● WORK TO BE COMPLETED:
Going through the material below, output exactly the lines from the one containing "Mann und Frau flirten beim Kaffee trinken" through the one containing "EP 21 - Stroll, ¿La plata compra títulos?", and no pictures.

● EXTRACTED ENTRIES:
=== Section Start ===

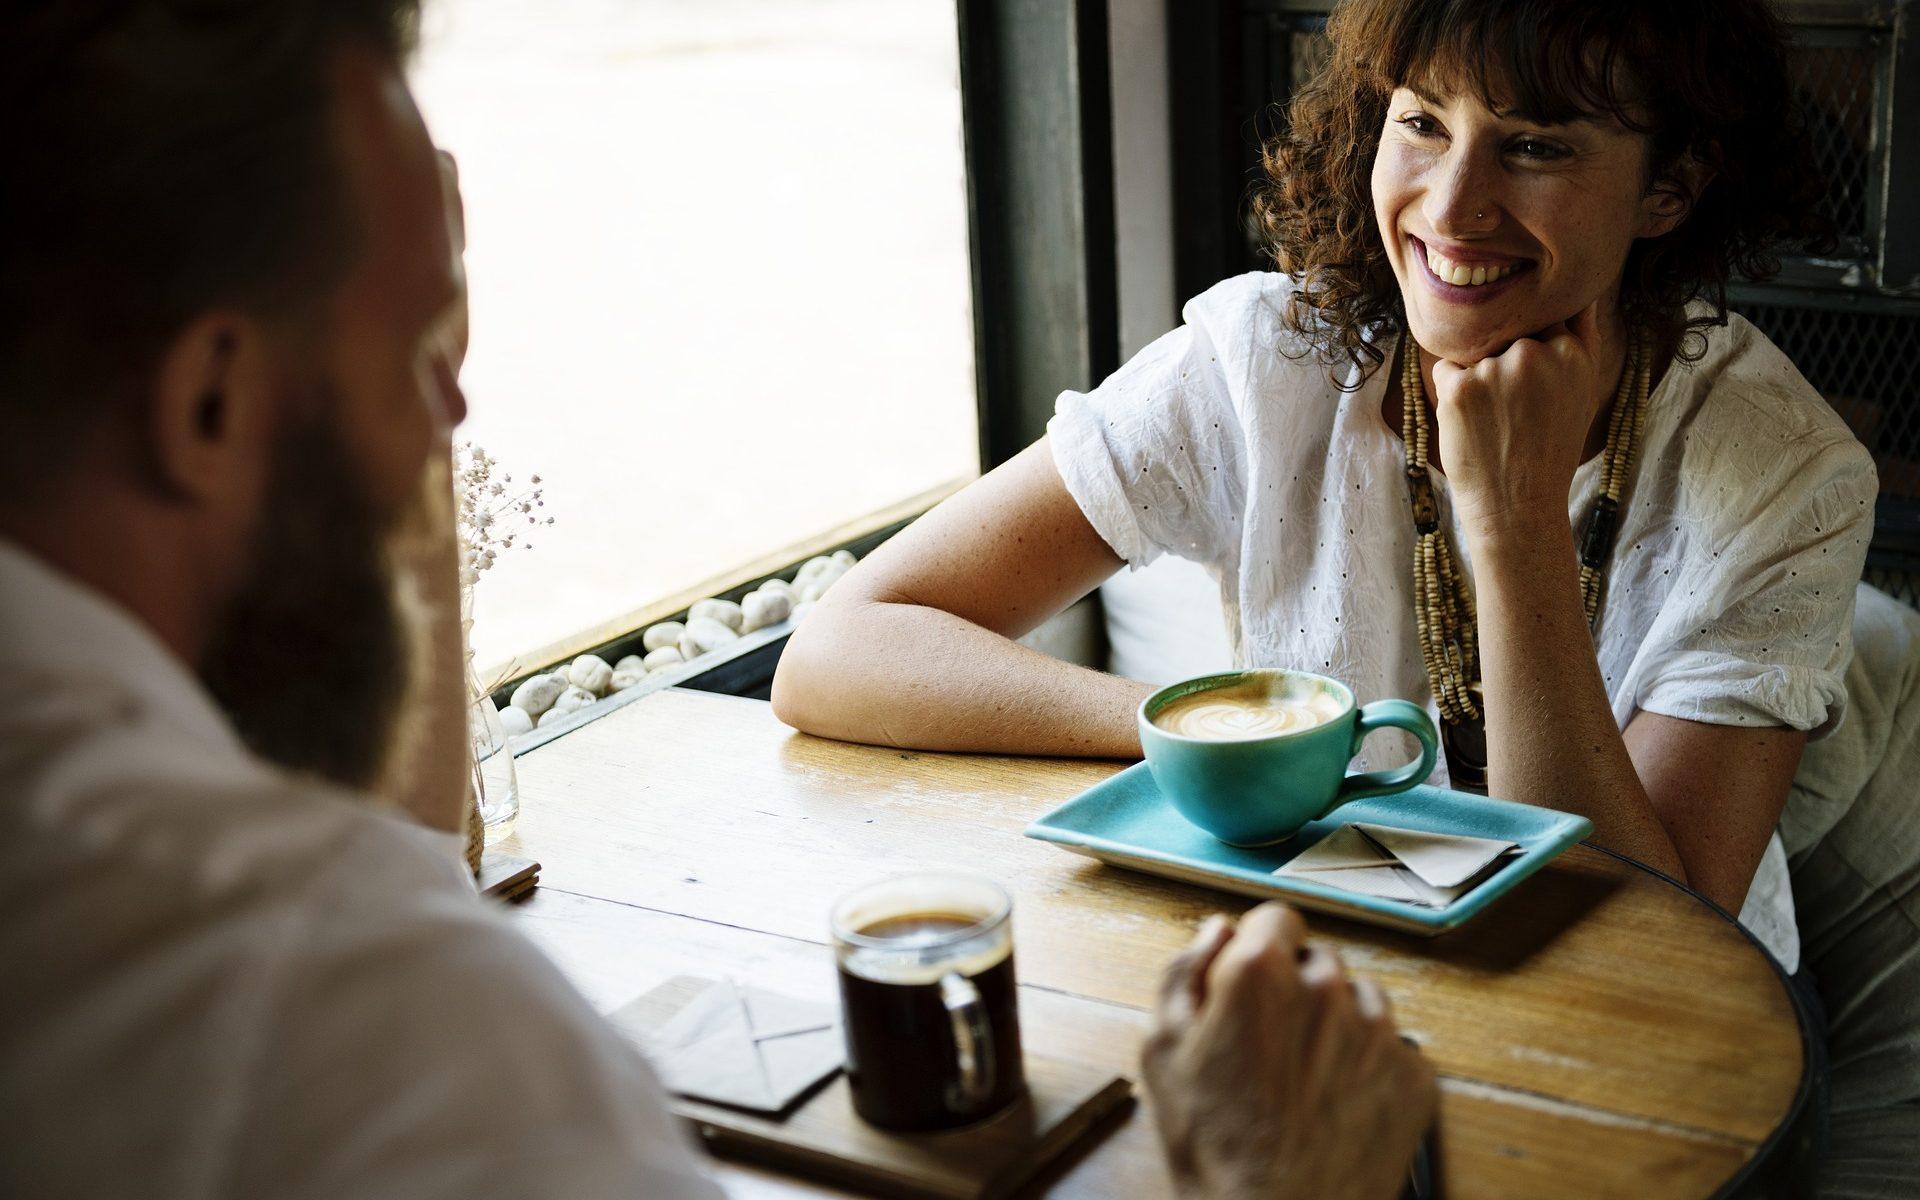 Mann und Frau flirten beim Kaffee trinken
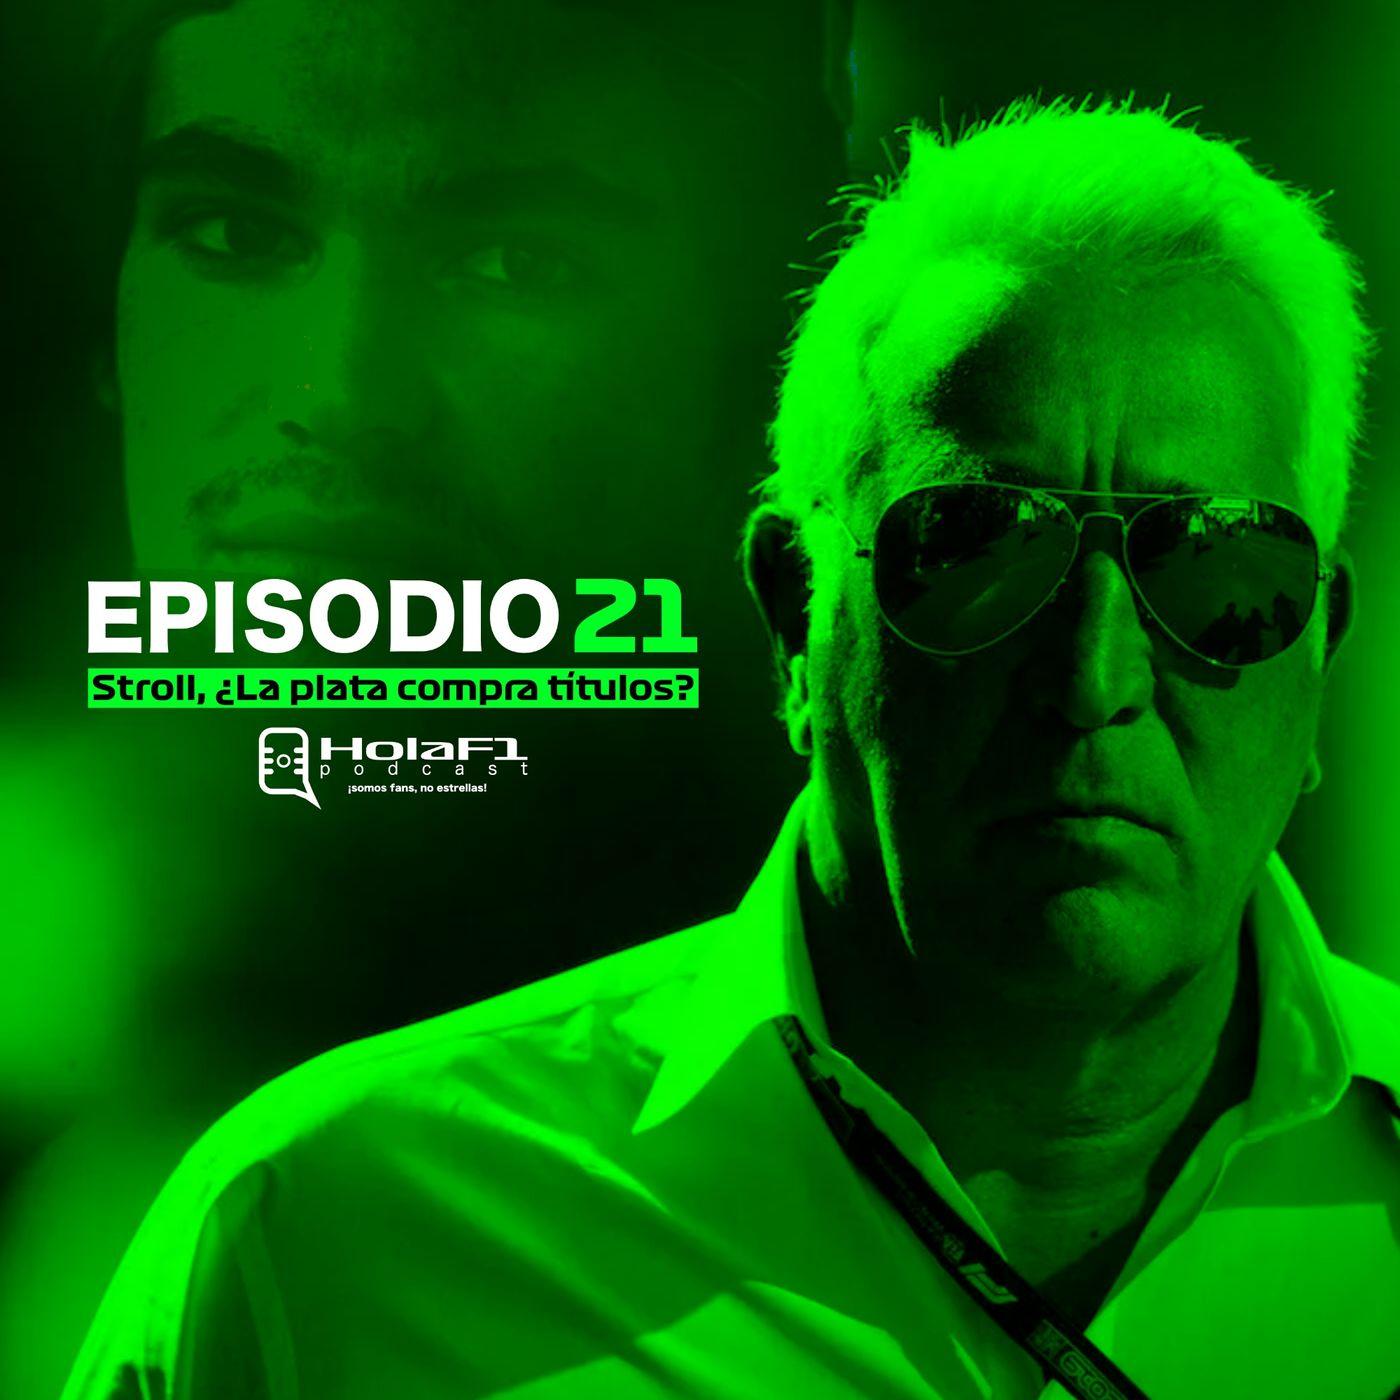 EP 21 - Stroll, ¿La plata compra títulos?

=== Section End ===
=== Section Start ===

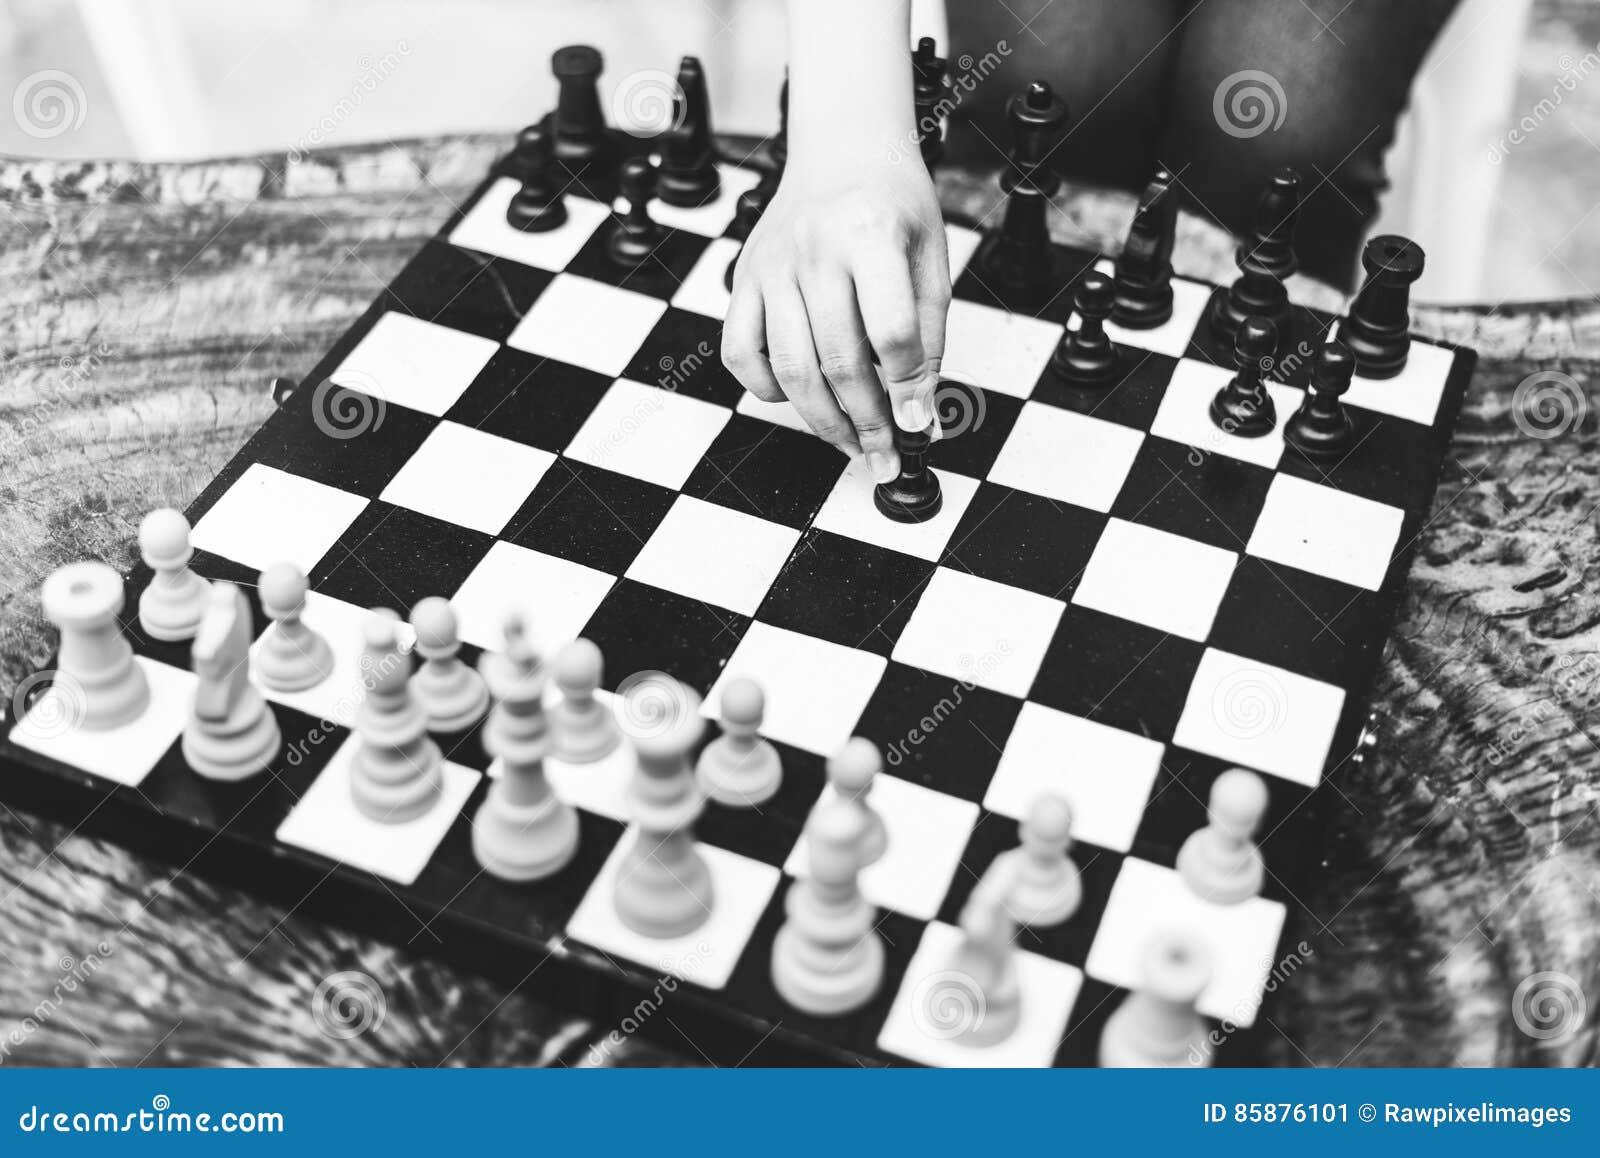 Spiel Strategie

=== Section End ===

● EXERCISE ANSWER:
 Mann und Frau flirten beim Kaffee trinken
 EP 21 - Stroll, ¿La plata compra títulos?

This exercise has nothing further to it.